As opposed to the standard 54mm size popularised by Britains figures, the minimally painted dimestore figures were 3 inches/7 cm in size to correspond with the American made standard gauge toy trains of the time. Though they had made smaller sized figures previously, Barclay began their 3 inch size in 1924 with the figures made of 87% lead and 13% antimony.
The largest manufacture of toy soldier in the United States in the 1930s and early 1940s was the Barclay Manufacturing Company. Prices of the soldiers were mostly kept to five cents, a nickel during this time, making them affordable to children. Other manufacturers made similar figures in mostly comparable sizes. The soldier's uniforms changed with military fashion, going from high collar to open collar and from puttees to leggings.

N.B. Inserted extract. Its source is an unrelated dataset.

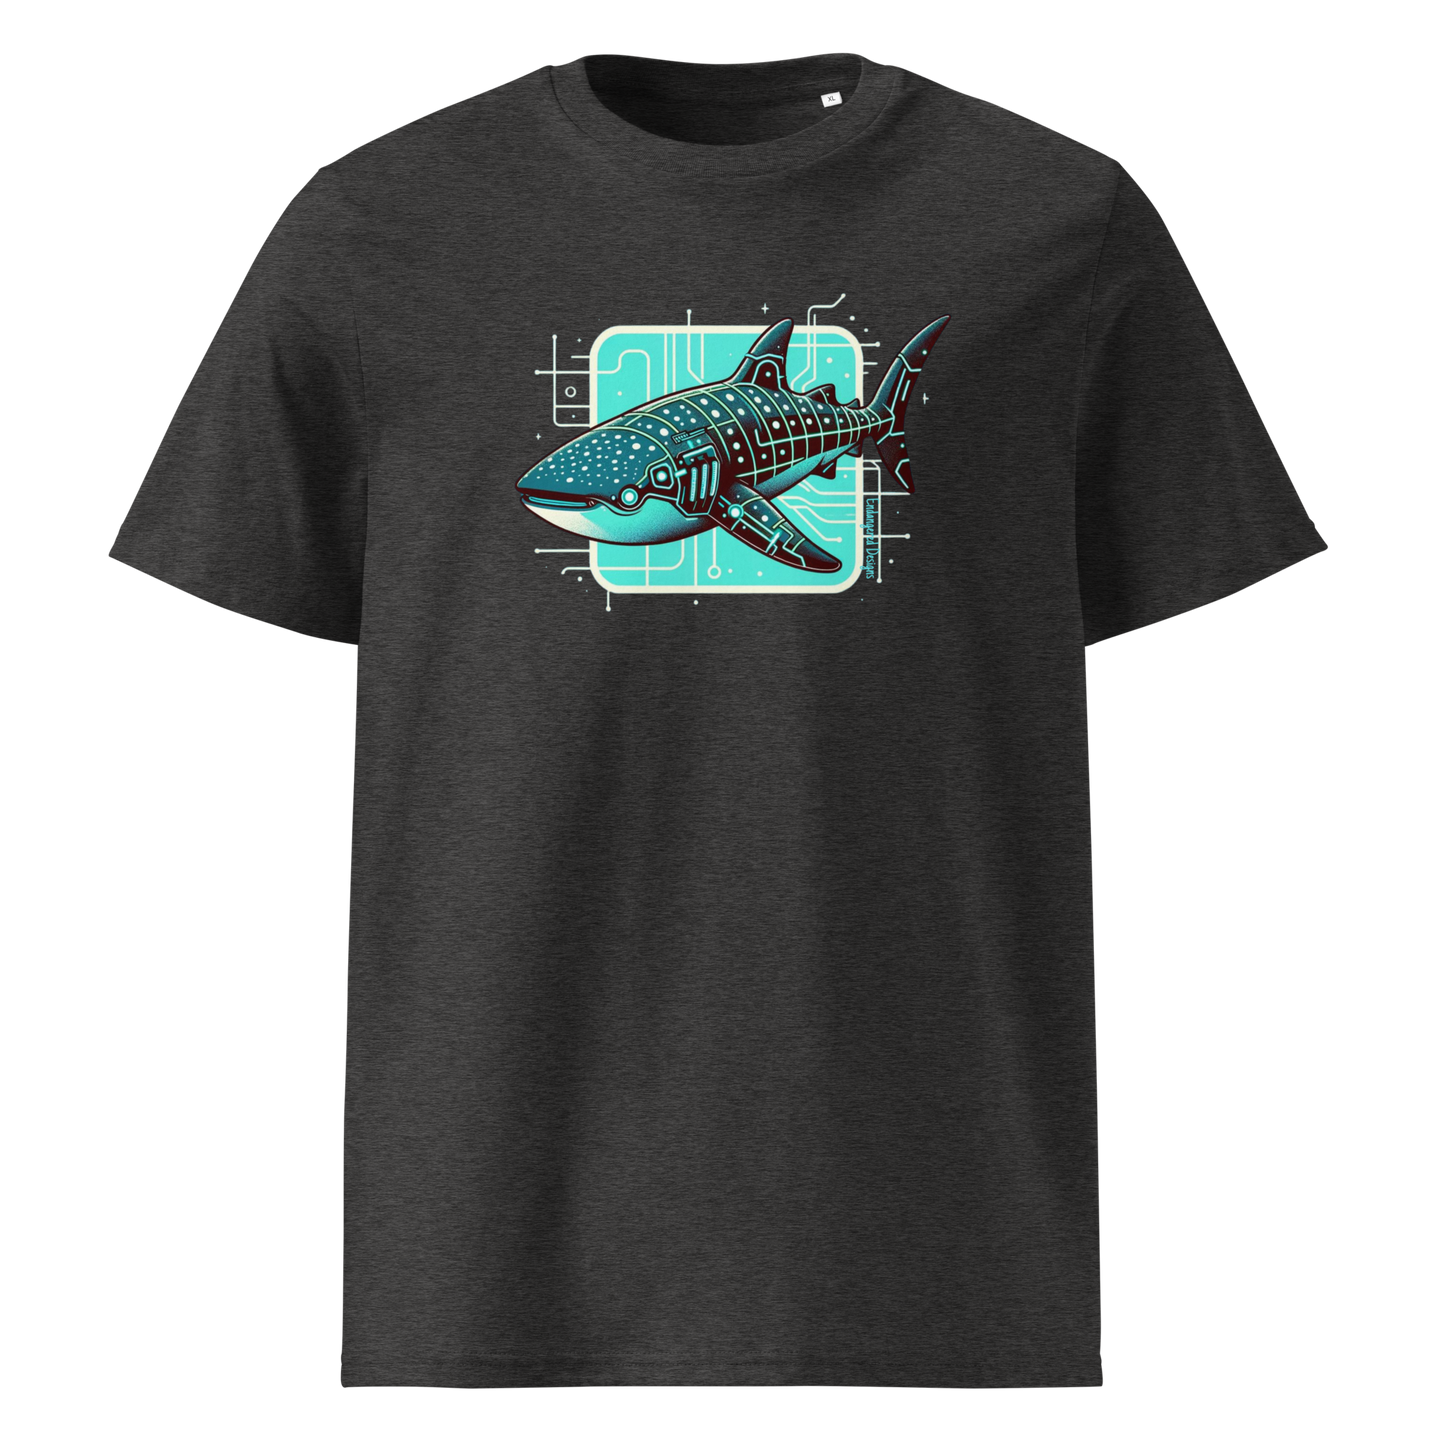 Cyberpunk'd Whale Shark - Organic T-Shirt

In 1942 lead toy production ceased with American toy soldiers being manufactured in composition, plastic and paper. Production resumed in 1945 with moulds reconfigured to the M1 Helmet but prices rose to 10 and later 15 cents. In the early 1950s Barclay conserved metal by designing new figures with a large "pod foot" instead of the usual base. However the low cost of mass amounts of unpainted plastic figures, the increasing cost of the price of metal and scares of the dangers of metal toys lead to the demise of the dimestore soldier.
Barclay's biggest rival the Manoil Manufacturing Co. ceased trading in 1959. Barclay ceased trading in 1971.